Le temps joue contre les passagers qui tardent à agir. En France, le délai de prescription pour réclamer une indemnisation suite à un vol annulé est de 3 ans à compter de la date du vol. Passé ce délai, toute action devient irrecevable, quelle que soit la solidité du dossier.

La saisine de la DGAC est gratuite et accessible en ligne via le formulaire disponible sur le site service-public.fr. Cet organisme instruit les plaintes et peut mettre en demeure EasyJet de respecter ses obligations. Son intervention n’aboutit pas toujours à un versement direct, mais elle renforce considérablement la position du passager.

Si les voies amiables échouent, le recours judiciaire reste ouvert. Pour des montants inférieurs à 5 000 euros, le tribunal de proximité est compétent, sans obligation de représentation par un avocat. La procédure simplifiée permet de déposer une requête en ligne. Les juridictions françaises ont rendu de nombreuses décisions favorables aux passagers ces dernières années, y compris contre EasyJet.

Des associations de consommateurs comme UFC-Que Choisir ou le Centre Européen des Consommateurs (ECC France) peuvent accompagner les passagers dans leurs démarches, notamment pour les litiges transfrontaliers. L’ECC France est particulièrement utile lorsque la compagnie est enregistrée dans un autre pays européen. Seul un professionnel du droit peut toutefois fournir un conseil juridique personnalisé adapté à votre situation spécifique.

Retours d’expérience : ce que les passagers apprennent à leurs dépens

Les témoignages de passagers ayant obtenu gain de cause face à EasyJet convergent sur plusieurs points. Le premier : ne jamais accepter un bon d’achat sans avoir vérifié ses droits à une indemnisation en espèces. La compagnie propose parfois des vouchers comme alternative, mais le règlement CE 261/2004 garantit une compensation en argent. Accepter un bon d’achat sans réserve peut valoir renonciation à l’indemnisation légale.

Le deuxième enseignement : la persistance paie. Beaucoup de premières réponses d’EasyJet invoquent des circonstances extraordinaires de manière générique, sans en apporter la preuve.

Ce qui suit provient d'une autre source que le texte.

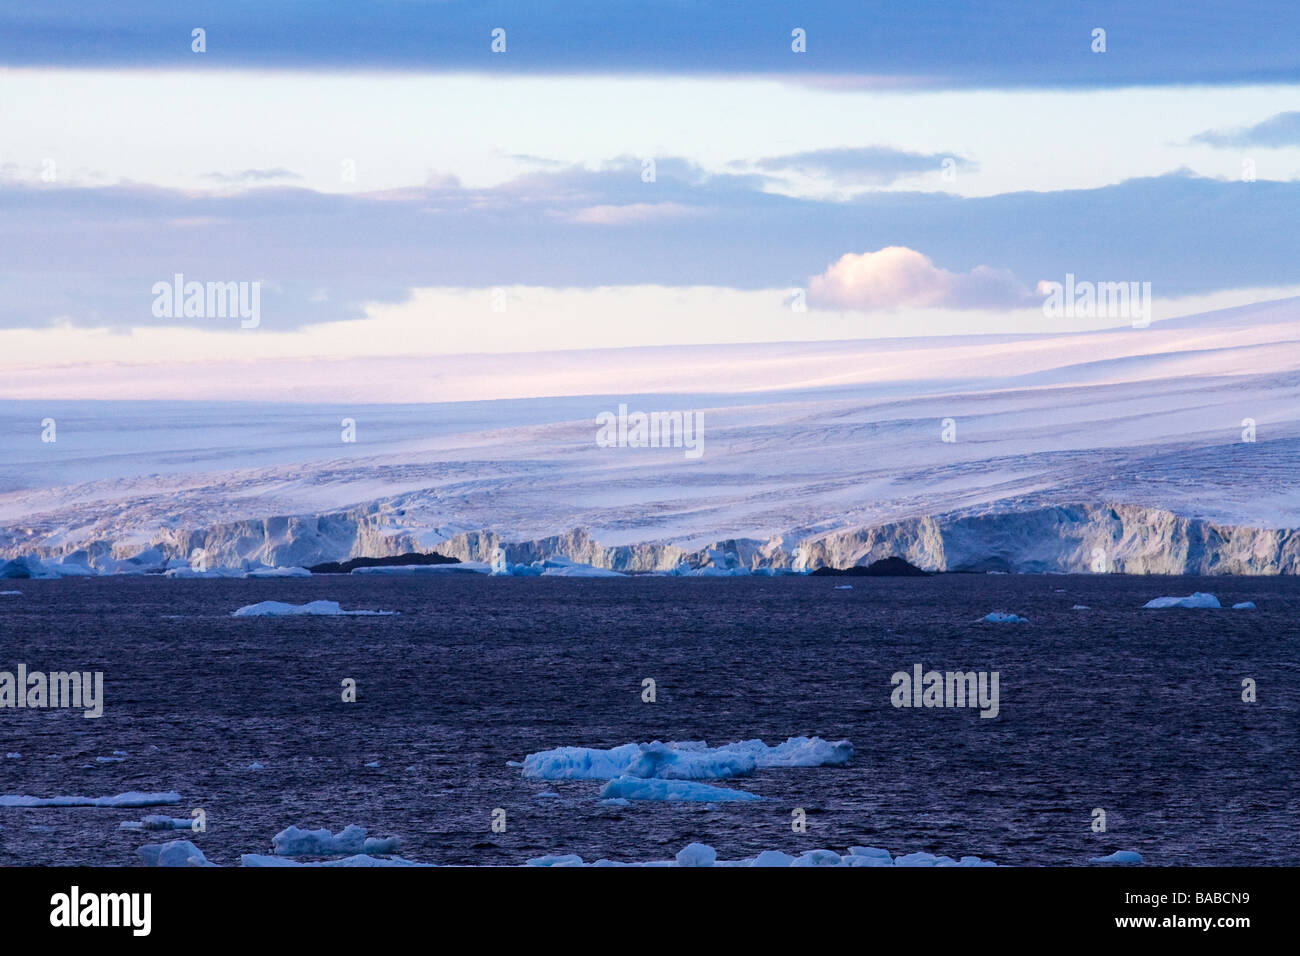 Glaciers meet the sea on the Antarctic Peninsula near Paulet Island Antarctica - Stock Image

Or, la charge de la preuve appartient à la compagnie, pas au passager. Contester cette réponse par écrit, en demandant les justificatifs précis, conduit fréquemment à une révision de position.

Troisième point souvent négligé : les vols en correspondance. Si un vol annulé entraîne la perte d’une correspondance réservée sur le même billet, l’indemnisation se calcule sur la distance totale du trajet. Un Paris-New York via Londres peut ainsi ouvrir droit à 600 euros même si le vol annulé ne couvrait que le tronçon Paris-Londres.

Les passagers voyageant en groupe ont intérêt à désigner un représentant unique pour centraliser la demande. EasyJet traite les dossiers par numéro de réservation, et une demande groupée bien structurée est traitée plus rapidement qu’une série de réclamations individuelles envoyées séparément. Chaque passager reste néanmoins titulaire de son propre droit à indemnisation, indépendamment des autres membres du groupe.